Saturday, August 15, 2009

Beyond the cover

Jinger Heaston

“You can’t judge a book by its cover”. This is true but you can decide if you want to purchase that book by its cover. In my line of work judging the cover is what it is all about. I am a Cover Artist. I currently work for several online Publishers: Siren Publishing, Damnation Books, Wings ePress, PawPrints POD as Art Director, Whiskey Creek Press, as well as several Independents that self publish.

When I first started doing cover art I really had no grasp of the importance of the cover art and how crucial it is that the cover remains true to the story. Like so many others out there I just assumed it was simply a way to display the title and the author’s name. That line of thinking fell away as I created my first few covers, and I am happy to say those first few Authors are ones that I still work with to this day, 6 almost 7 years later.

When creating a cover I am provided with an Author Information Form that has all the details such as character description, brief story detail, setting, key items, and things of this nature. If it is an Author I have never worked with I will visit their website or blog to get a feel of what sort of covers they have had in the past and for their writing. I contact them to introduce myself and let them know that they are in good hands, inviting them to share any thoughts or ideas. I do believe in making the Author a part of the process when I can. They know the story best and that after all is what we are going for, a visual reflection of the story. Of course the other goal to keep in mind is something that will sell your book.

Things to keep in mind when going over your cover art. Simple is better, if someone cannot make out the image they will simply move on to the next cover. A lot of covers spend most of their time on the internet in a thumbnail view. The title should be crisp, clean and clear, Authors name the same way. If it is too hard to read, they will move on. My goal is to create something that will stop someone in their internet tracks for a closer look. Sometimes a scene from the book is requested, which can work out well if done correctly but often turns out too cluttered or busy if too many elements are added. Time period is also very important to reflect on the cover. I have seen a few books that were Historical that had covers with current technology or clothes on the front; this is not what we want.

As a cover artist we have the impossible job of creating an image from the mind of someone we have never met, about a story we have never read. This is a challenge I face daily with great pride and honor, it is one thing I love about what I do. To receive and email that says, “Yes!! That is it exactly!!”, “How did you do that? It is perfect!”, that is what I am going for!
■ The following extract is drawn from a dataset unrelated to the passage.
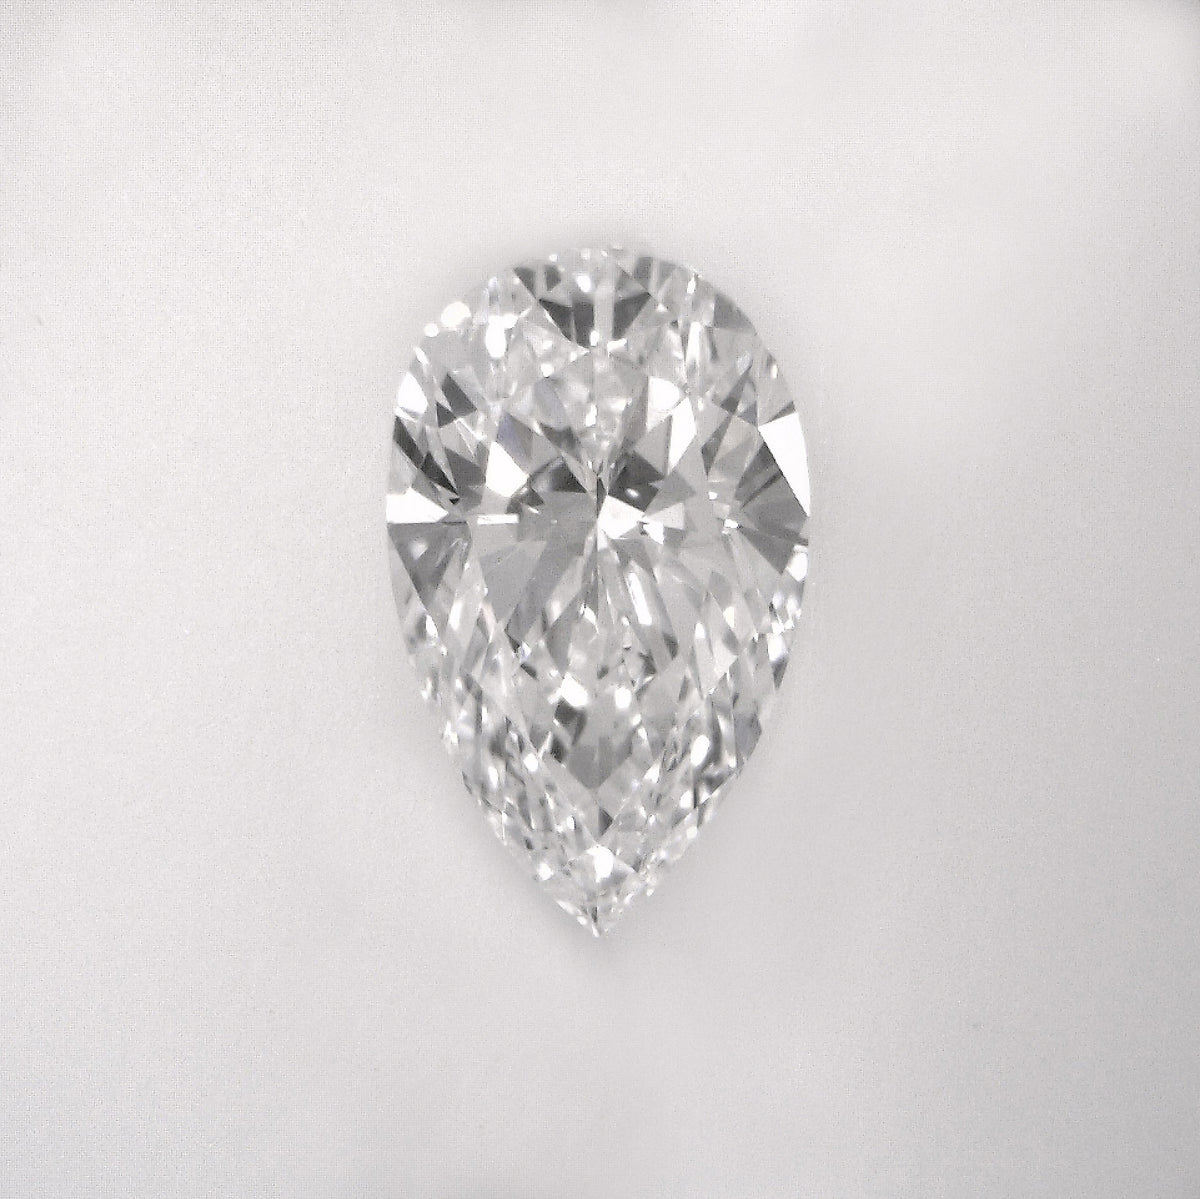 GIA Certified 1.32 Ct Pear cut D VS2 Loose Diamond

I have met many wonderful people over the years and made some fantastic friends as a result of a cover I created that reached them on some personal level, or reflected something they were feeling at that moment. I have even had a bagel special delivered to me with strawberry cream cheese as a thank you, which still makes me smile! An email from a first time Author who has just gotten their first cover who writes that they are so thrilled they cannot stop looking at it, that is the biggest payoff of my job. When creating a cover I keep in mind that this is a story someone put a lot of time and energy into, something they are passionate about and I strive to reflect that in the cover. Every cover I have ever made is personal to me; I remember it, creating it and the Author who wrote it. I actually have a bookshelf that holds about 300 books that I have work the covers on, this is just a small drop in the bucket compared to all that I have done. Some are autographed, some are not but each and every one holds a special place in my heart.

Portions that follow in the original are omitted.